/---

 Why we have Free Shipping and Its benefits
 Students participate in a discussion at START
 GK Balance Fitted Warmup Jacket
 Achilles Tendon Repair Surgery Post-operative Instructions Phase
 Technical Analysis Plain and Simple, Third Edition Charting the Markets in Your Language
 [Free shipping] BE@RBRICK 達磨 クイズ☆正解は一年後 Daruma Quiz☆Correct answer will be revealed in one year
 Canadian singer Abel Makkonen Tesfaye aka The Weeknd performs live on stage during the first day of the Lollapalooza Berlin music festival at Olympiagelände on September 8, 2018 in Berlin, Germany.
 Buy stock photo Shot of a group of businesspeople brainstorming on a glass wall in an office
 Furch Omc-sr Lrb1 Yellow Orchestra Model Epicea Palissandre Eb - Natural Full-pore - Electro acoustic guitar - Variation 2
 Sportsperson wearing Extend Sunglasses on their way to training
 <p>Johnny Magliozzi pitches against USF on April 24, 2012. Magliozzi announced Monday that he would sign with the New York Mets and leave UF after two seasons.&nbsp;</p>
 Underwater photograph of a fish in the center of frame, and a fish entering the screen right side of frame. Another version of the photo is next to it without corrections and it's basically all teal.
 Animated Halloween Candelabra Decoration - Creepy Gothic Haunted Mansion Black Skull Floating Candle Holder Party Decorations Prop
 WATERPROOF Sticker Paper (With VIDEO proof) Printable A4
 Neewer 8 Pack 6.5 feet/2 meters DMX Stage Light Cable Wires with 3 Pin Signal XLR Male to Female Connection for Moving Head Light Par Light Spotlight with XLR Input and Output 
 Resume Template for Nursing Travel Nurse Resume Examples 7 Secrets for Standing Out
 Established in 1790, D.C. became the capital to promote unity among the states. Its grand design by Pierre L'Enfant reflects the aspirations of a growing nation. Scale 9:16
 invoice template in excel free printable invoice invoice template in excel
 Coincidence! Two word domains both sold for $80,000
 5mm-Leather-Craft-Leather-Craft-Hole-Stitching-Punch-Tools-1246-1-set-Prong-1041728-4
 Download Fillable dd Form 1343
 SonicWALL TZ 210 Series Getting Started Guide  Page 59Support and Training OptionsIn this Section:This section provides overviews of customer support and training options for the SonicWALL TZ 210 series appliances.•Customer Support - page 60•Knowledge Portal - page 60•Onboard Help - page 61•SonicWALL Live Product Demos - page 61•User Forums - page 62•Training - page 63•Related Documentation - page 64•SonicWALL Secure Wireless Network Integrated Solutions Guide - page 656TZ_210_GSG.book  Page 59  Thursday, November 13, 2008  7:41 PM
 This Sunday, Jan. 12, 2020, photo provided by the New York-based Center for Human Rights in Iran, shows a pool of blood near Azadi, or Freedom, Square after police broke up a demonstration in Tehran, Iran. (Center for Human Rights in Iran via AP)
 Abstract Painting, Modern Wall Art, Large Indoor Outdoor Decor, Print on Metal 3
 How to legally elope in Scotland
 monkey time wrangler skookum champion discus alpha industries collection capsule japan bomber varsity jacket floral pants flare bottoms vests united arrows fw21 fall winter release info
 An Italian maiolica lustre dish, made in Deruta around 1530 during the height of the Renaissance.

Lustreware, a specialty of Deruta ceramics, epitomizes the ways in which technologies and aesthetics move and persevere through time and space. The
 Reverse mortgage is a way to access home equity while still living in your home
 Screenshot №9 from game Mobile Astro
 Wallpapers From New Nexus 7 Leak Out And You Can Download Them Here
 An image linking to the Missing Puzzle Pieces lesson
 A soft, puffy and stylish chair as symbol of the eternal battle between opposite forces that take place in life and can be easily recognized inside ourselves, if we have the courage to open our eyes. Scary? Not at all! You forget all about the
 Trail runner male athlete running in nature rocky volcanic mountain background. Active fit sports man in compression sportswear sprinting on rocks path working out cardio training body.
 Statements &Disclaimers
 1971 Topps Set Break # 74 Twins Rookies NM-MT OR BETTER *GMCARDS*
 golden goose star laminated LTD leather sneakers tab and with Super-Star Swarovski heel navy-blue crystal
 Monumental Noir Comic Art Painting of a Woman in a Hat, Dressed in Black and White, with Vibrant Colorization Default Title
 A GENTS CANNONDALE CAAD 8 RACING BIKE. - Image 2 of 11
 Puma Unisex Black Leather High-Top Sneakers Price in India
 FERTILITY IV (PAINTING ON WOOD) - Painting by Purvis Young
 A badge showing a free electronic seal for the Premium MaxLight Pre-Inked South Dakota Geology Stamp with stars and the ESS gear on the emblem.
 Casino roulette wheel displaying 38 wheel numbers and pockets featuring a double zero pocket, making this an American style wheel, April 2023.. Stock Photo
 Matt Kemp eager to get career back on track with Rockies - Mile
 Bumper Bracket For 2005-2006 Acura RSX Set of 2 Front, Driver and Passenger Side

\---

• WHAT TO PRODUCE:
The required output is a copy of each line in the records where the string "Deruta" occurs.

• EXERCISE SOLUTION:
 An Italian maiolica lustre dish, made in Deruta around 1530 during the height of the Renaissance.
Lustreware, a specialty of Deruta ceramics, epitomizes the ways in which technologies and aesthetics move and persevere through time and space. The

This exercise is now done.